Parecería que la impunidad en Ecuador garantiza fama y fortuna en las más altas esferas del gobierno a los mal llamados ‘vivos’, es decir, a los autores, cómplices y encubridores de la corrupción. Para sus allegados, el botín político asegura, además, puestos estables bien remunerados que financiamos todos los ecuatorianos.
Diariamente la familia ecuatoriana desayuna escándalos de audacia y cinismo a través de los medios de comunicación, mientras hace milagros en la hipotecada economía para dar de comer a sus hijos, víctimas de la violencia, el abuso y el desempleo, absortos e impotentes al mal ejemplo que reciben las futuras generaciones.
¿Viveza? ¡No!

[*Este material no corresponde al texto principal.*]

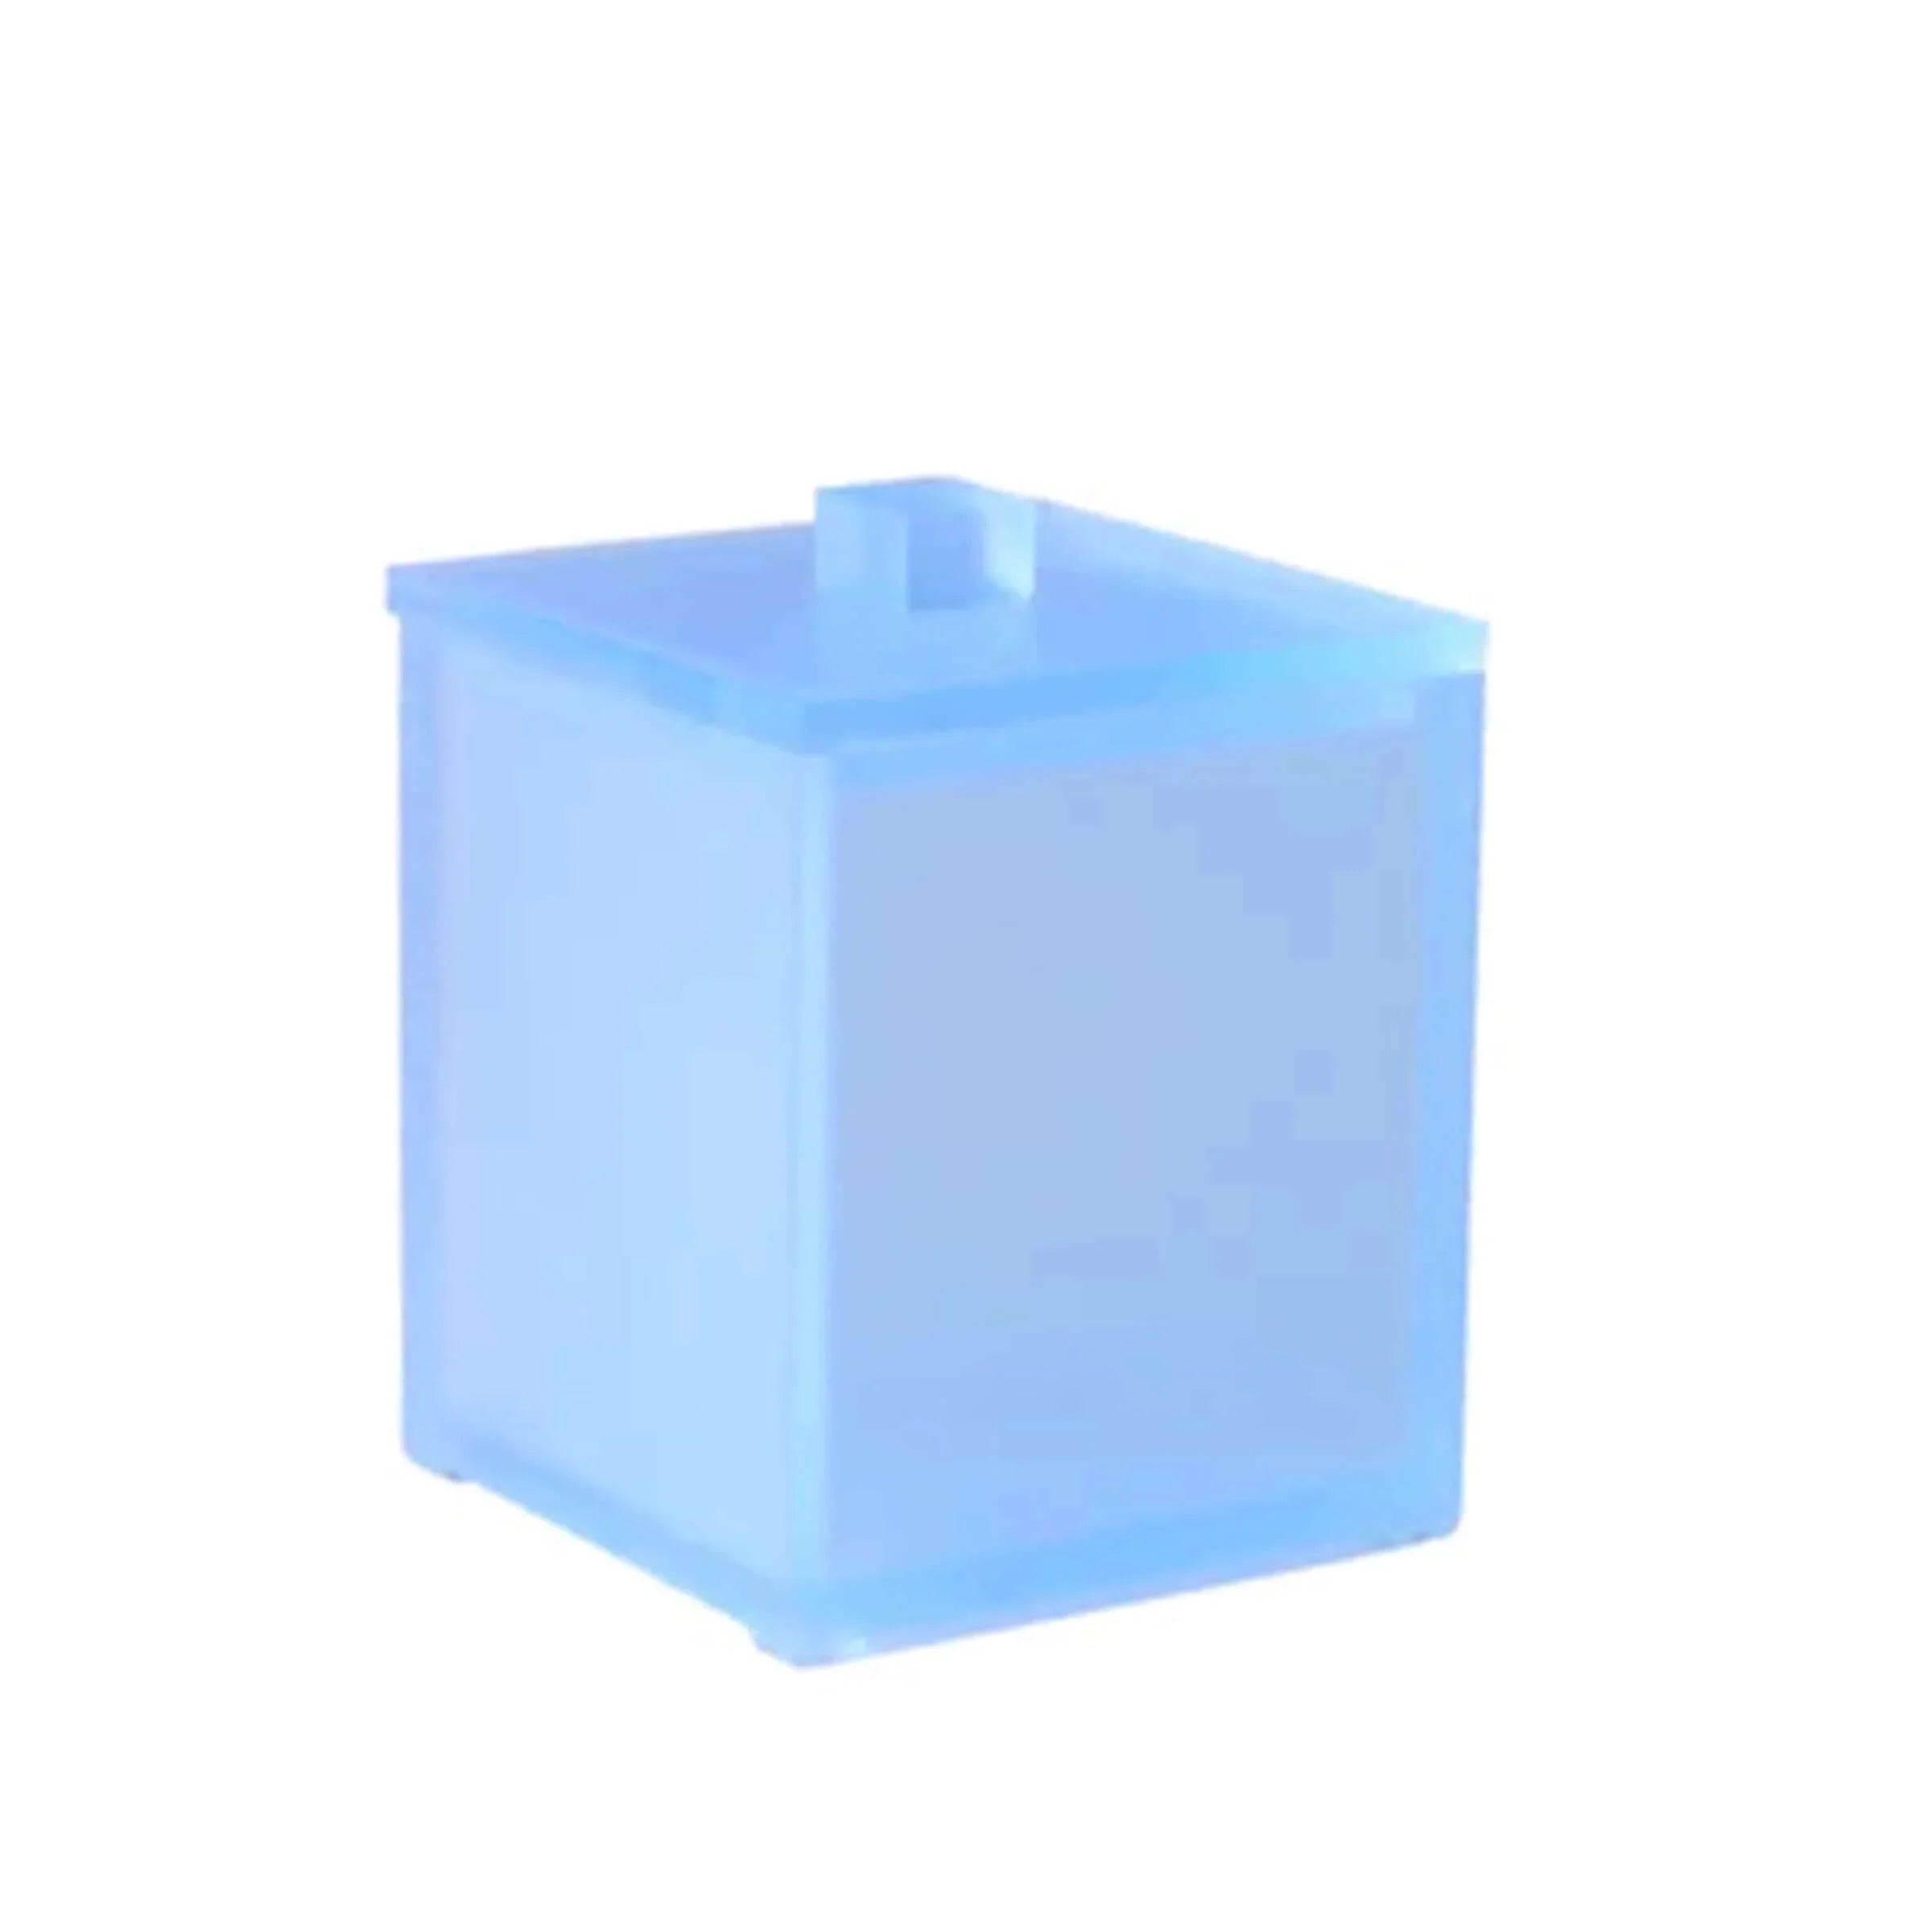 Mike + Ally - Ice Frosted Sky Container - 31433 - Blue -

Apenas delincuencia común disfrazada de revolución, impulsada por quienes en una década tiraron sus vidas a la basura con la honra de sus descendientes, miserables prófugos de las coimas, sobreprecios y sobornos, de la compra fatua, del sobresalto en el sueño y de las urgentes necesidades de corto plazo. Pobres, pero tan pobres, que solo hicieron dinero, mal habido por supuesto.

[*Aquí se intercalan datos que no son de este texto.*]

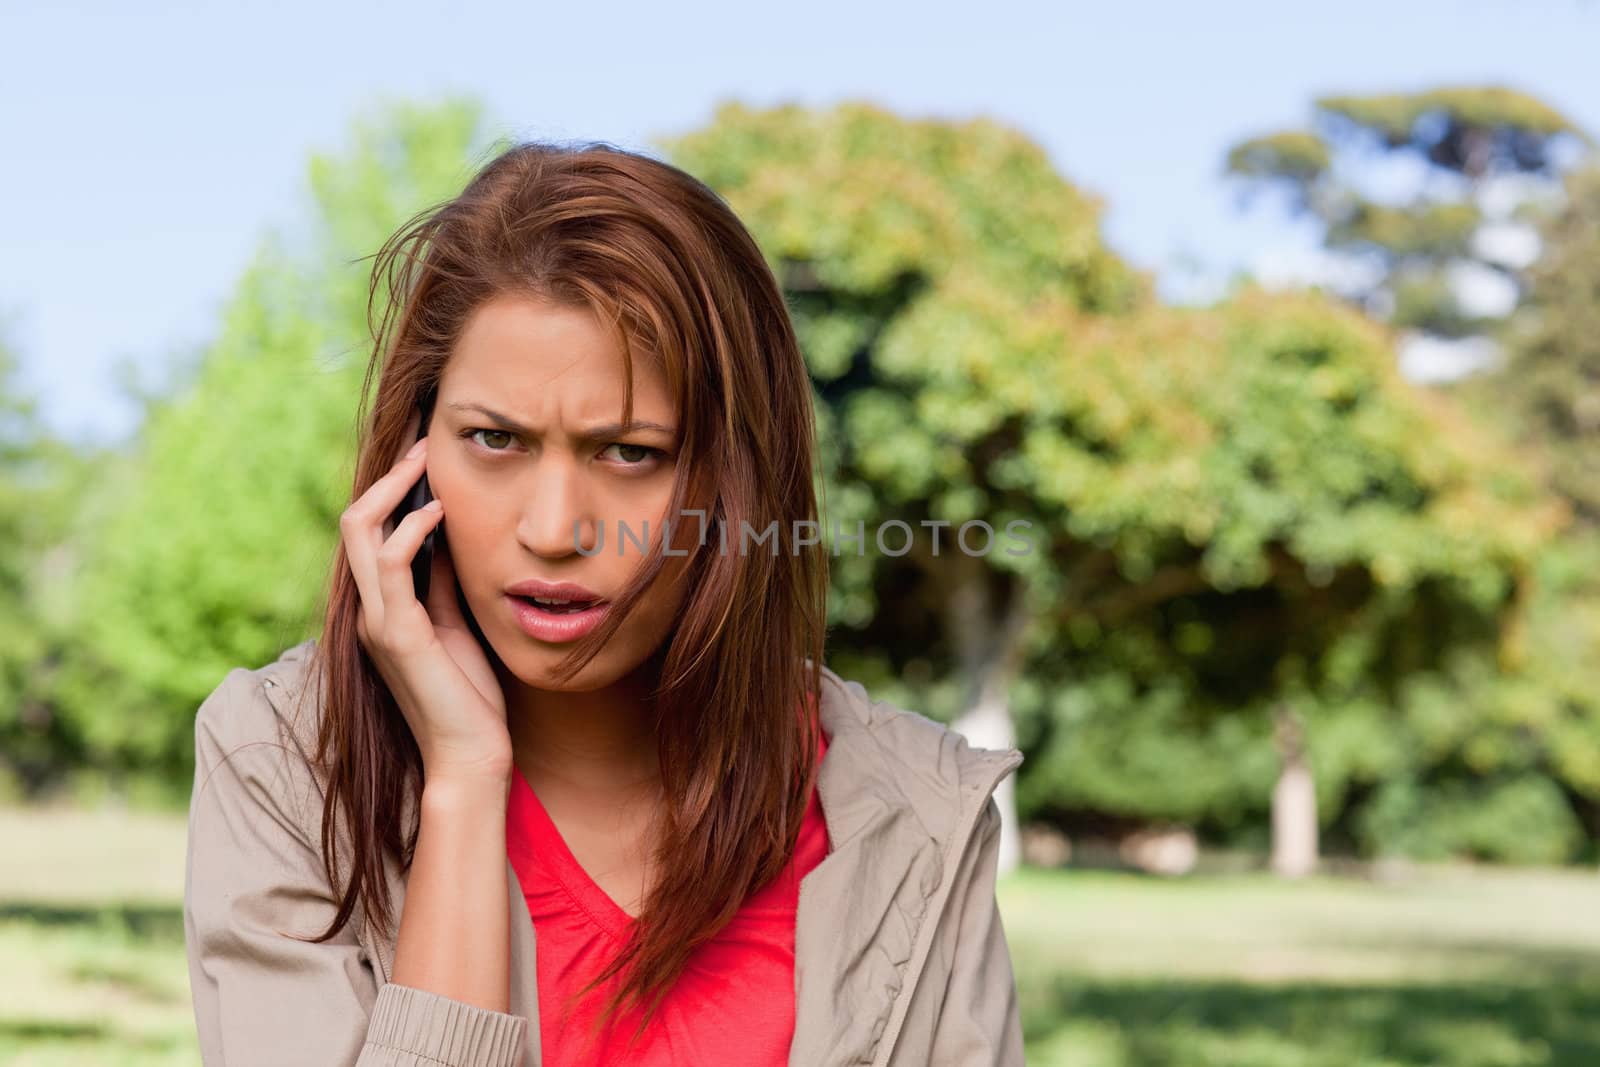 Woman with a serious expression talking on the phone in a bright by Wavebreakmedia

Vivos e inteligentes son los ecuatorianos decentes que construyen la existencia con principios y valores. Aquellos que saben que hay que recuperar la institucionalidad ética del país como prioridad suprema y la confianza permanente de su gente.
Llegó el momento de afirmar que un gramo de trabajo honesto vale más que la picardía con plumas de pavo real. Lo mejor de Ecuador son los buenos ecuatorianos.